Others are not far behind. Rival buyout firm TPG is raising a new fund to do roughly the same thing, Bloomberg reported this month. One Wall Street rumor could explain why KKR filed now -- it wanted to be the first. Whatever the motivation, the arrival of the private equity giants raises an urgent question for traditional activist investors: what are you for?

If you are a hedge fund offering expertise to the board or management, top-tier private equity has more of that; if you’re investing to help sell the company, it’s more persuasive if you also have the money to buy it. In short, private equity seems better equipped than activists for the ‘kindly take our cash and listen to our ideas, we’re experts’ model of investing. This is especially pertinent for those activists who have done most to embrace kindliness. ValueAct Capital, for example, says it invests to “learn from management teams as they innovate, grow, transform business models, reduce cost structures, manage crises and transact M&A”.

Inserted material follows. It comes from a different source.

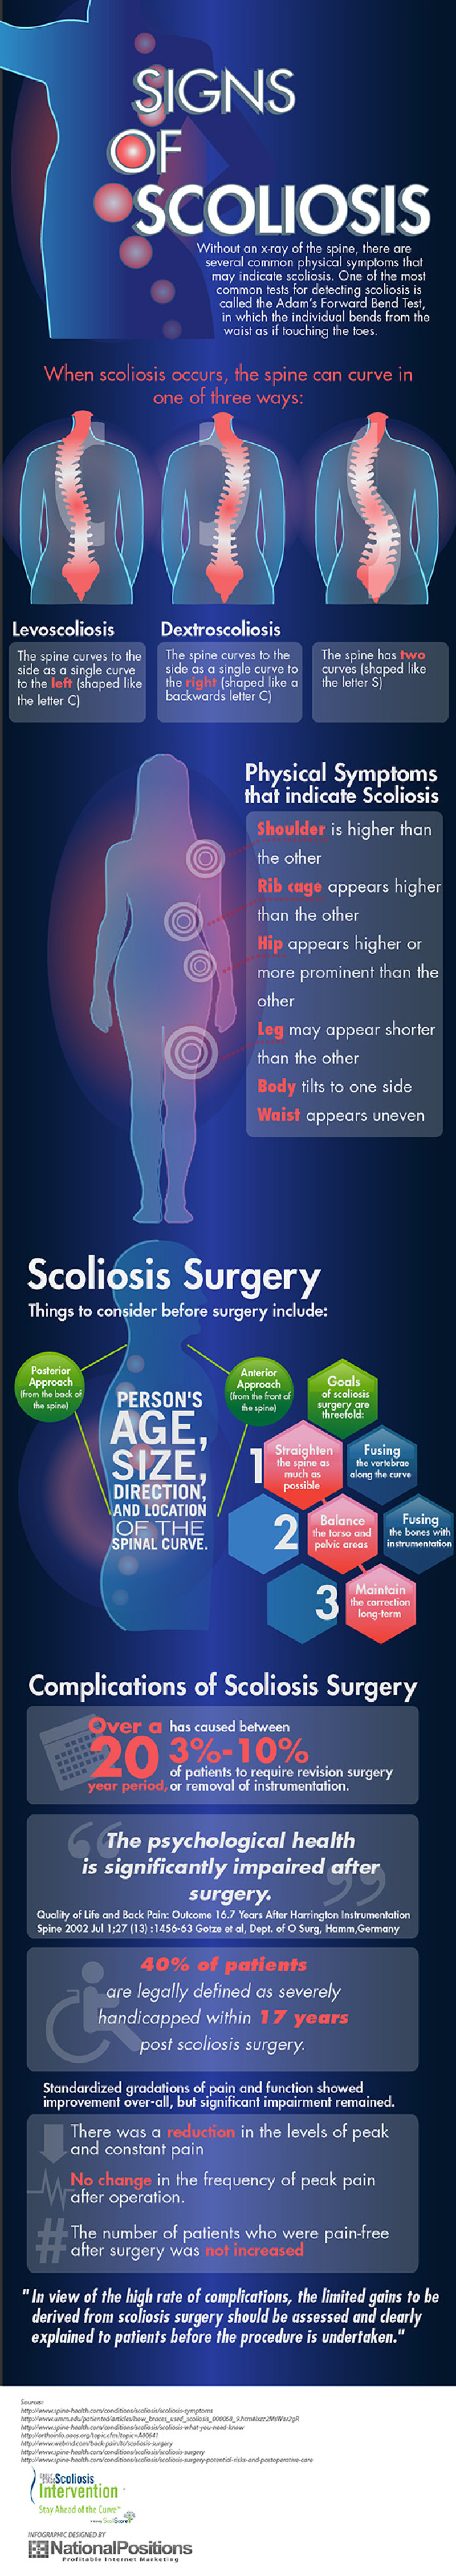 Signs of Scoliosis

In one sense, private equity’s entrance validates the maturing of activism: by leveraging their reputations to get the same results playing nice, the once enfants terribles are gaining mainstream imitators. But by attracting larger, more experienced competitors to the field, traditional activists also risk their own demise.

Announcing the D&B investment, KKR said upfront that it wasn’t interested in making trouble at the company and wouldn’t be going hostile. Rather, it said it was looking for “constructive dialogue,” perhaps the most hackneyed expression of modern activism.

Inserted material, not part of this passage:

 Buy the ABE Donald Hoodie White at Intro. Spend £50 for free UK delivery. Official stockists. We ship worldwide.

Usually just being friendly doesn’t work for first timers. Even the politest activists tend to get results only because there is a chance they may turn nasty -- they have previous, after all. But KKR is big enough and looks enough like a prospective buyer of D&B to make it compelling.

The paradox of friendly activism only works so long as richer, friendlier competitors don’t show up. Now they have and there is reason to think they’ll stay.

The buyout industry has struggled to find investments for the vast amounts of capital it has attracted since the financial crisis (the $1.5 trillion of trapped dry powder sitting in private equity funds is an all-time record). As such, it has tended to run hard at strategies where it can eke out a good return, whether that’s buying warehouses, selling insurance, or learning from management teams. If TPG and KKR start winning on the activists’ turf, others will be tempted to follow.

None of this should matter to the more riotous activists -- those like Carl Icahn -- who have rejected the vogue for pleasantry as being either less lucrative or less fun, or both. Rather, their reformist peers could be pushed to start fighting again or risk losing their differentiation.

In this scenario, private equity emerges into the interesting role of least worst engaged investor. For a board member, KKR filing a 13D may get you, ultimately, to exactly the same place as Icahn would (unemployed) but it won’t cause you ego death.

The private equity kings of the 1980s started out as brilliant bruisers who ended up deciding they could make a lot more money being nice. They may be about to deny their disruptive heirs the same opportunity.